「這個辦法好是好,可是花女俠,要是東洛城的城主和爵冥有勾結呢?」金家管家眸子裡蘊藏著深深的擔心。
金家此時站在風口浪尖,已經經不起一點風波了。
花纖纖黑色的眸子在月光下閃閃發亮,她篤定道:「就算是東洛城的城主和爵冥有勾結,但是眾目睽睽之下,他又能如何?」
她頓了頓,又意味深長地說:「既然爵冥可以用這些手段,咱們怎么就不能用呢?」
「高啊,花女俠你這可真是高招啊!」金家管家發自內心道:「你可真是大荒難得一見的天才啊,修為這么高,還如此睿智,真是讓老夫佩服!」
花纖纖無奈地笑了笑,囑咐金家管家早點睡之後,她便回了房間,也準備睡覺。
誰知,她剛剛進房間,就感覺到一股不尋常的氣息。
這股陌生又熟悉的氣息,讓花纖纖的心怦怦直跳。
在月光下細細一看,她驚訝地發現她手上的汗毛竟然都立了起來!
在她看到端坐在桌子前的月非夜之時,躁動不安的心卻又猛然平穩了下來。
不知為何,她忽然想起了在北臨之濱遇到夢靨蛇時,她夢到的夢。
一股刺痛之感襲上心頭,花纖纖竟忍不住倒吸了一口氣,她的步子也不由自主停了下來,黑白分明的大眼睛仔細地打量著月非夜,她心裡盡是複雜。
「過來。
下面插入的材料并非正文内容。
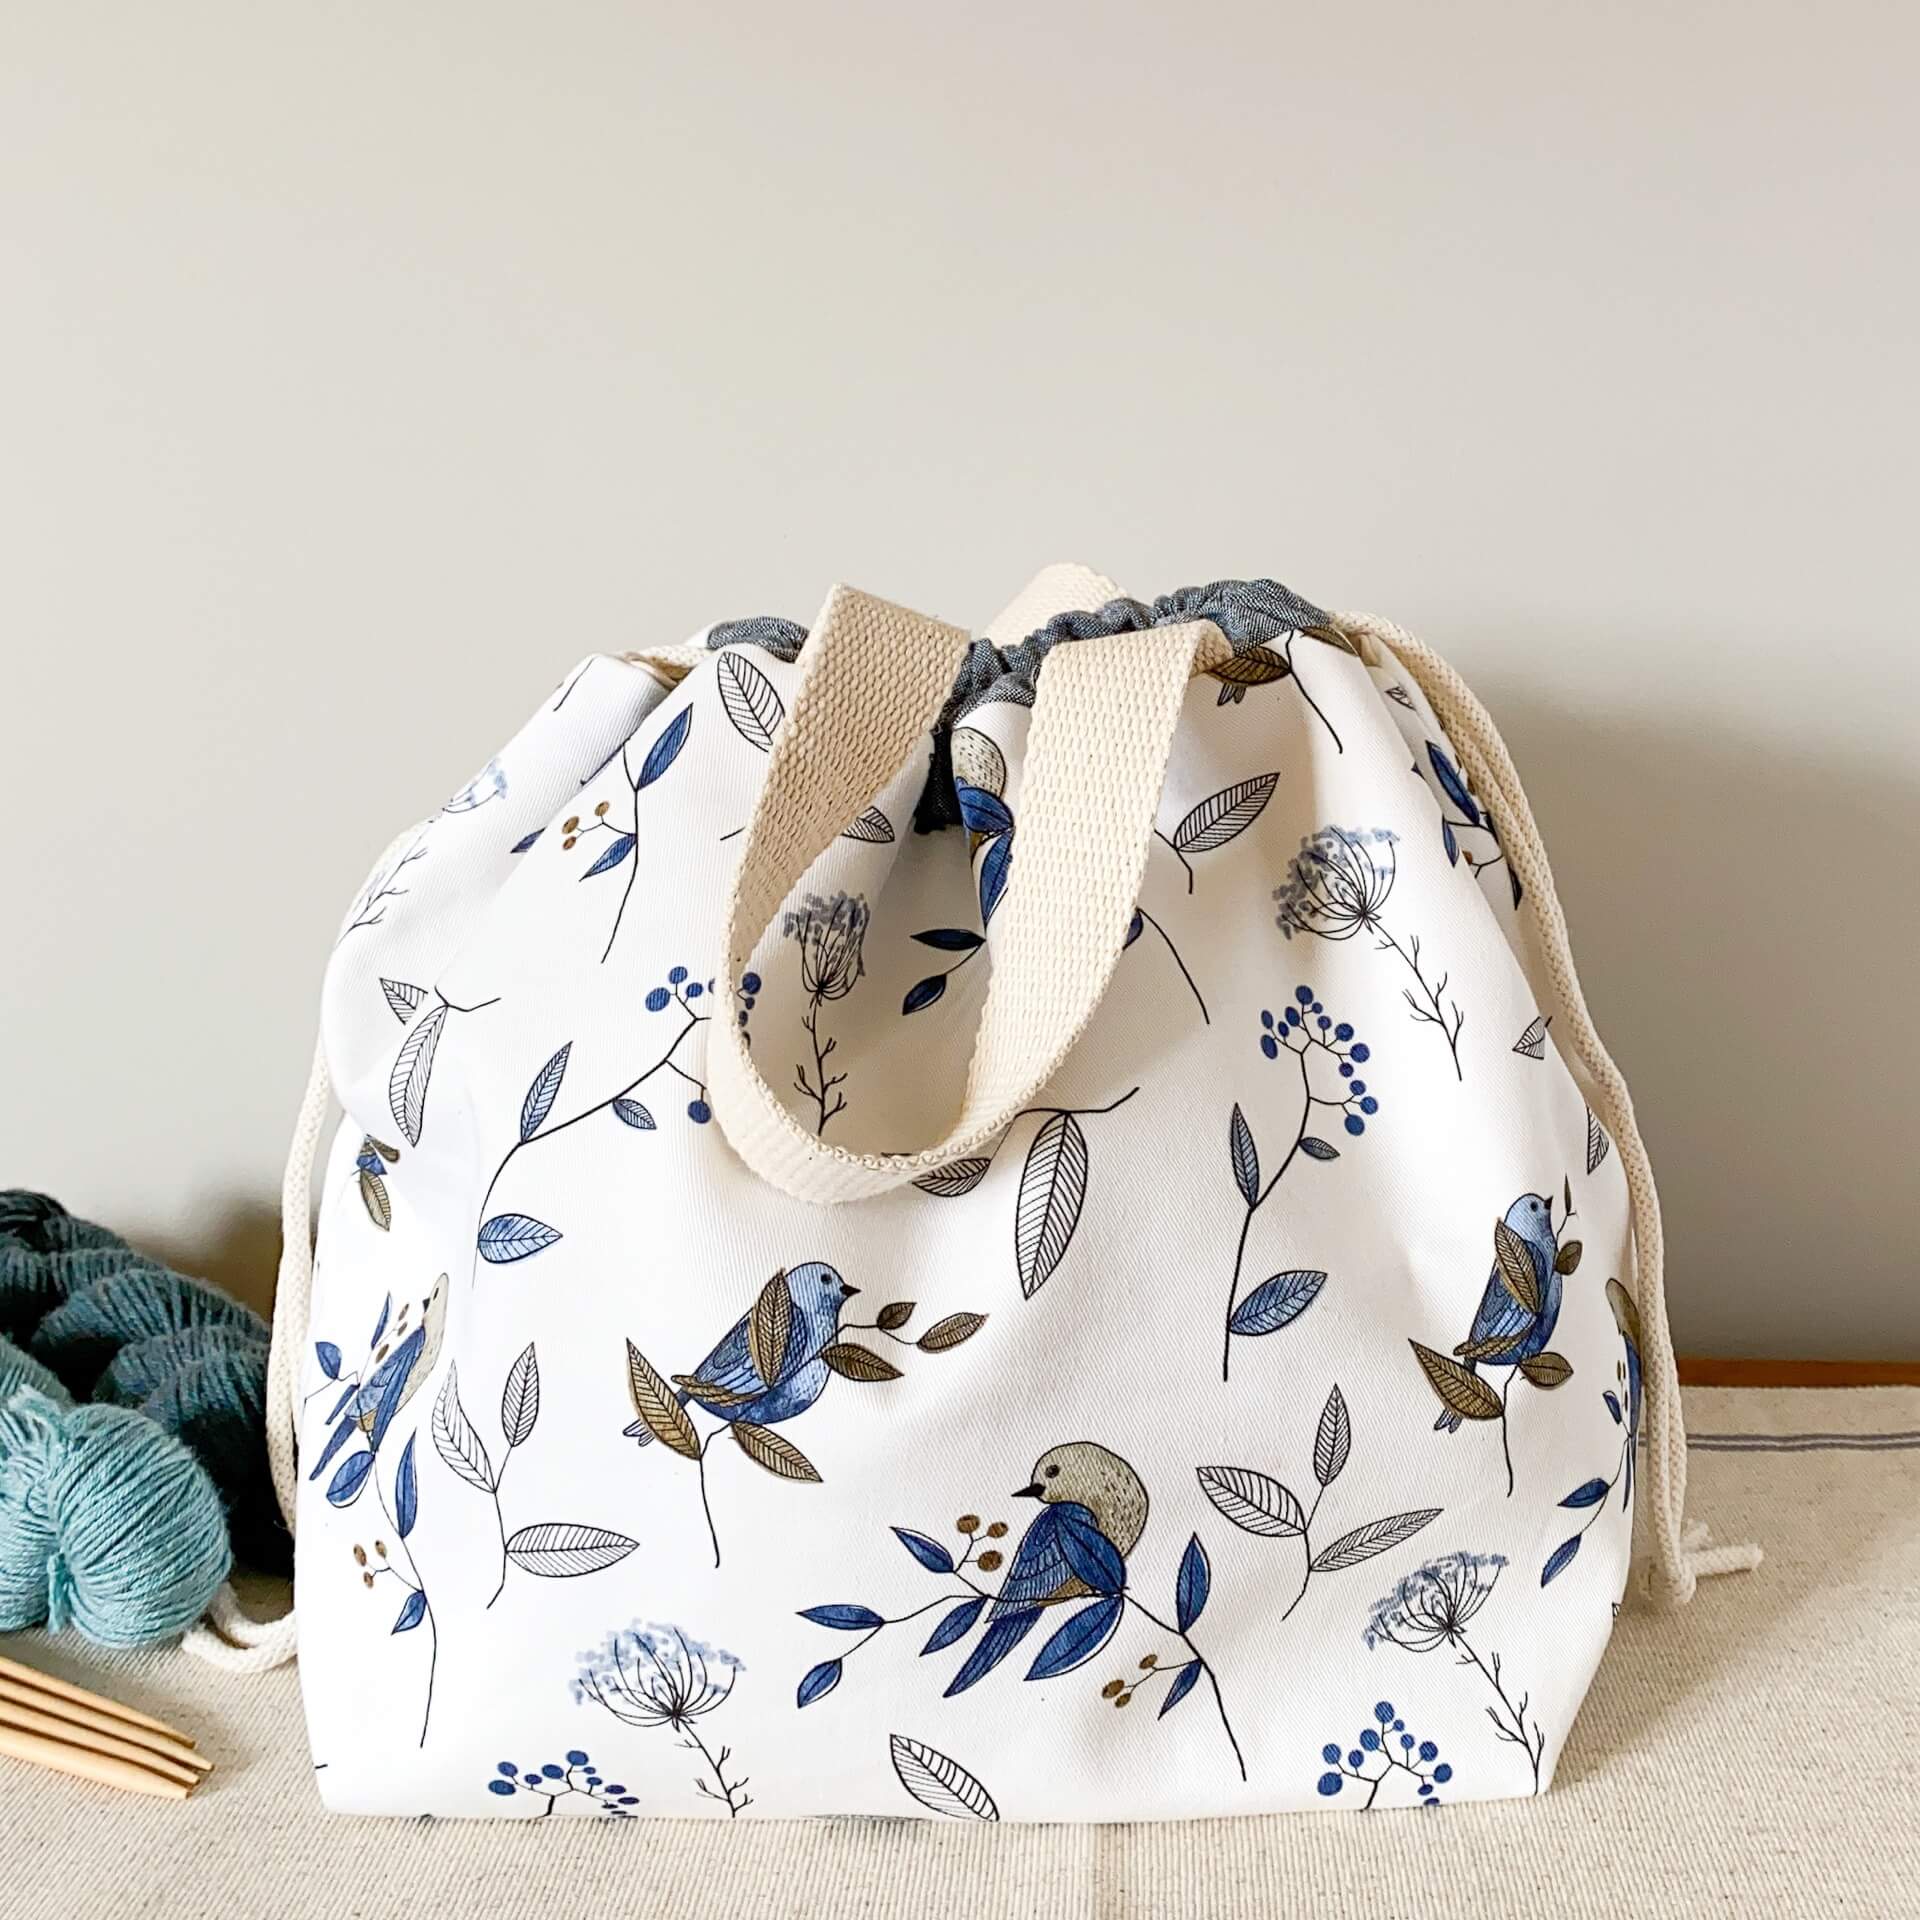 A large knitting project bag, made using a pretty blue bird print, sits on a wooden table next to some yarn and knitting needles. The bag is pulled closed.

」月非夜抬起頭,望著花纖纖淡淡道。
花纖纖鼻子一酸,淚水便模糊了視線。
「你來幹什么?」花纖纖使勁掐著自己的手心,努力讓自己的聲音不要變調。
月非夜看了花纖纖半晌,才好似嘆息一般道:「我來看看你。」
花纖纖猛然轉身,她抹掉眼睛上的淚水,這才道:「既然已經看過了,那你就走吧。」
可她話還沒有說完,就發覺到自己被一個火熱的懷抱給圈住了。
花纖纖心頭一驚,半晌她這才反應過來,原來是月非夜抱住了她!
她身子微微發抖,白嫩的脖頸在月非夜略略有些急促的呼吸下起了一層雞皮疙瘩。
她就像是渾身的力氣都被抽乾了一般,儘管理智百般重複要推開月非夜,可她的身子卻只是一動不動地站在那裡。
大約過了一刻鐘有餘,花纖纖發現她身上的重量越來越重,這才猛然回過神來。
花纖纖扭頭一看,她驚訝地發現,不知何時,月非夜竟然趴在她的肩膀上睡了過去。
只是這一瞧,花纖纖又覺察出不同來。
她發現,今天月非夜的身子似乎熱得有些不尋常!往常月非夜身體的溫度都是給人以微涼之感,可今天卻是如此的灼熱!
驚訝之下,花纖纖先扶著月非夜讓他躺在了床上。
或許是月光漸漸明亮了起來,花纖纖這才發現,月非夜唇形姣好的嘴唇竟然有些發紫的跡象,而他那猶如刀削一般的臉頰則呈現出一種灰白之相。
花纖纖的心猛然一跳,在隱隱約約意識到什么時,她的指尖竟然都抖了起來!
她顫顫巍巍的把手放在月非夜的手腕上,片刻之後,花纖纖眼裡便猝不及防地掉出了大顆大顆的淚水。
月非夜怎么會有走火入魔的跡象?花纖纖眼底淨是不可置信。
她擦了擦眼角的淚水,又幫著月非夜把了把脈。
洪大火熱的脈象在她指尖下不斷跳動,花纖纖再也無法欺騙自己。
她從空間戒指中拿出南紅三凰來,她的指尖不斷顫動,這一瞬間,花纖纖的心思已經是百轉千回。